Julian Bilcke
wip
5c50d1d

Matrix-Game 2.0 WebSocket Server

Project Overview

Matrix-Game 2.0 is a real-time interactive game world generation system that uses advanced generative video models to create explorable environments. This repository contains a WebSocket server wrapper that enables web-based interaction with the Matrix-Game 2.0 models.

Architecture

Core Components

  1. api_server.py - WebSocket server handling client connections and game sessions
  2. api_engine.py - Matrix-Game 2.0 model inference engine
  3. api_utils.py - Utility functions for image processing and visualization
  4. client/ - Web-based client interface for testing

Model Components

  • WAN Diffusion Model - Core generative model (14B parameters)
  • VAE Encoder/Decoder - For latent space encoding/decoding
  • Streaming Pipeline - Real-time frame generation
  • Condition Processing - Keyboard and mouse input handling

Key Features

  • Real-time video generation based on user inputs
  • Multiple game modes: Universal, GTA Drive, Temple Run
  • WebSocket-based streaming for low-latency interaction
  • Fallback mode for demo without GPU
  • Support for multiple concurrent sessions

Resolution and Performance

  • Standard resolution: 352x640
  • Target FPS: 16
  • Streaming generation: 5 frames per batch
  • Reduced latency through latent-space operations

Game Modes

  1. Universal - General exploration with full camera and movement control
  2. GTA Drive - Driving simulation mode
  3. Temple Run - Runner game mode with limited controls

Input Controls

Keyboard Controls

  • W/S/A/D - Movement (forward/back/left/right)
  • Space - Jump
  • Shift/Ctrl - Attack/Action

Mouse Controls

  • X/Y coordinates normalized to [-1, 1]
  • Camera rotation and view control

Model Loading

The system automatically downloads models from Hugging Face (Skywork/Matrix-Game-2.0) if not present locally.
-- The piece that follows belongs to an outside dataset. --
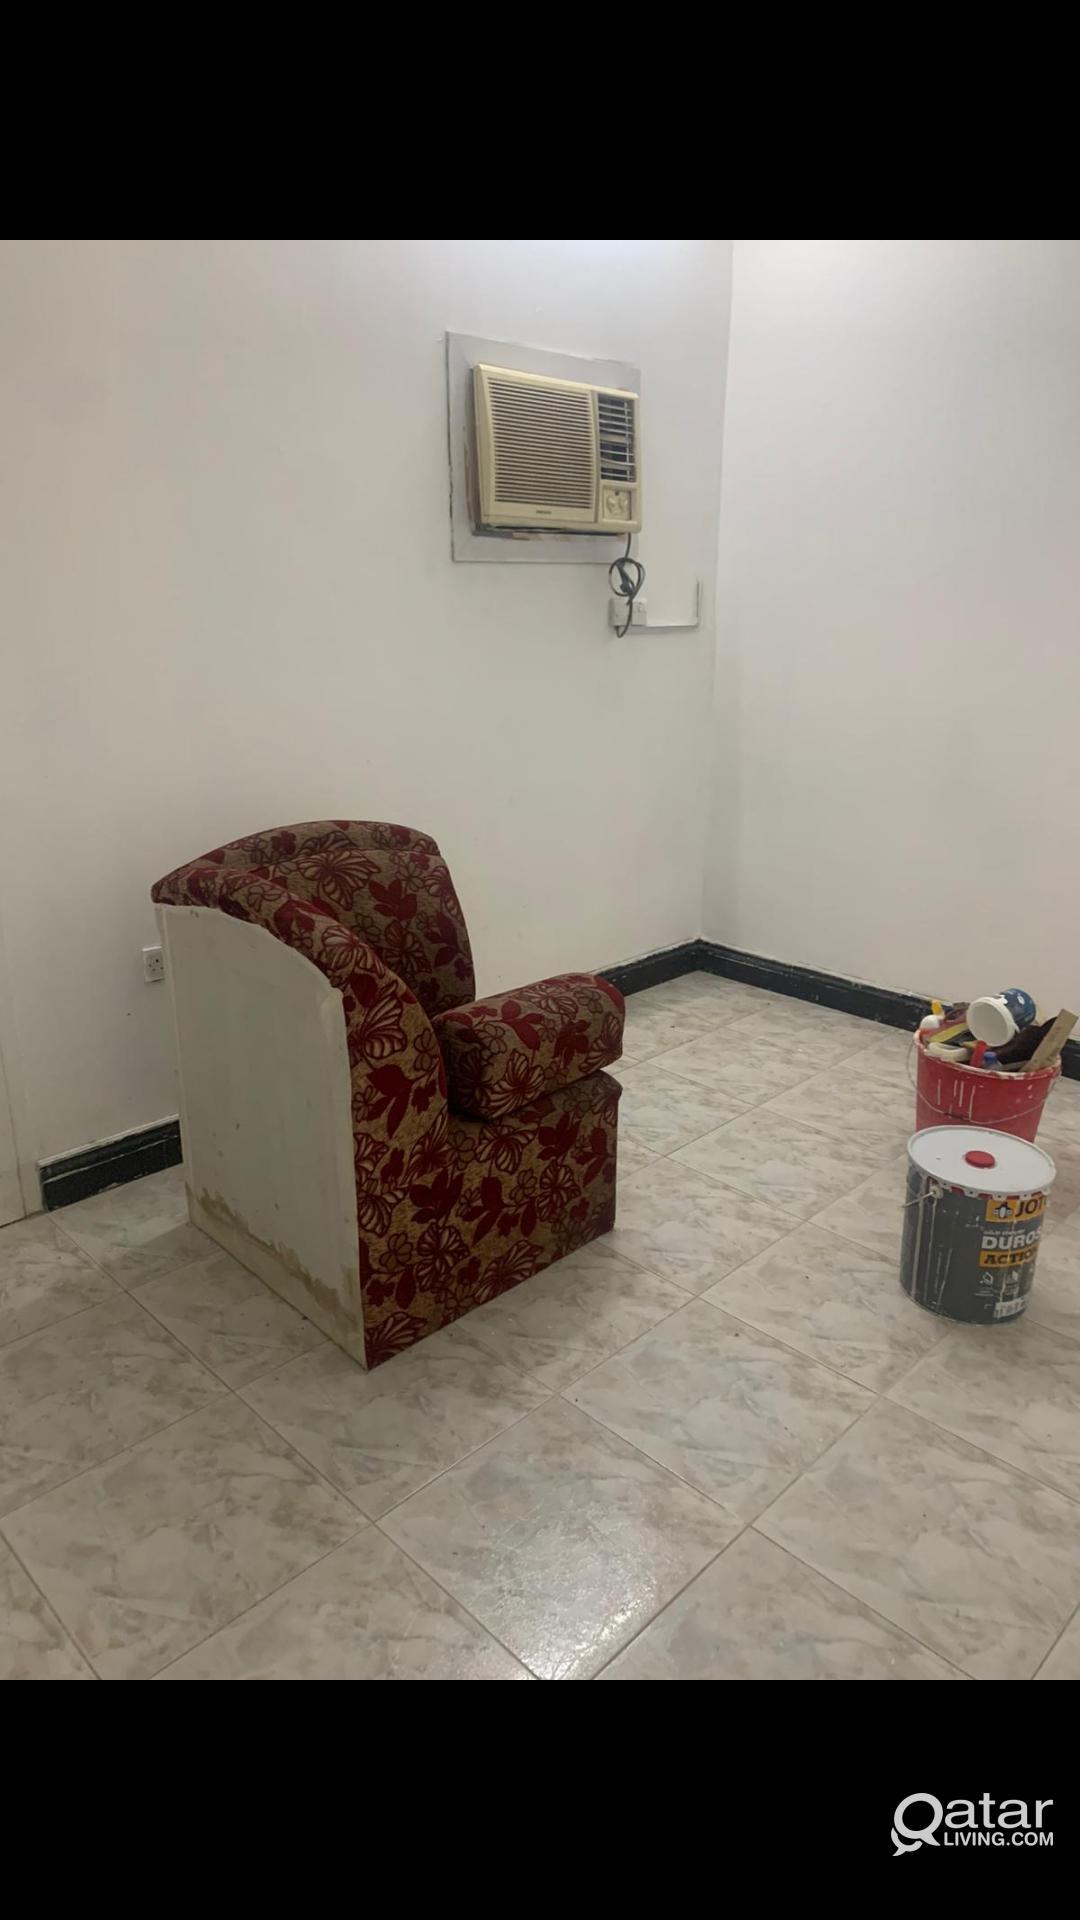 STUDIO ROOM NEAR ICC AND BACK SIDE OF DAR UL SALAM

Models include:

  • Wan2.1_VAE.pth - VAE model weights
  • Generator checkpoint files
  • Configuration files for different modes

Deployment

Docker Deployment

docker build -t matrix-game-2 .
docker run -p 8080:8080 --gpus all matrix-game-2

Local Development

pip install -r requirements.txt
python api_server.py --host 0.0.0.0 --port 8080

Environment Variables

  • PORT - Server port (default: 8080)
  • SPACE_ID - Hugging Face Space ID (for HF deployment)
  • CUDA_VISIBLE_DEVICES - GPU selection

Testing

Access the web client at http://localhost:8080/ after starting the server.

Known Limitations

  • Requires NVIDIA GPU with 24GB+ VRAM for full model
  • Initial model loading takes 2-3 minutes

Updates from V1

  • New model architecture (WAN-based instead of DIT-based)
  • Streaming pipeline for better real-time performance
  • Improved condition handling for different game modes
  • Better memory efficiency through tiling
  • Simplified API structure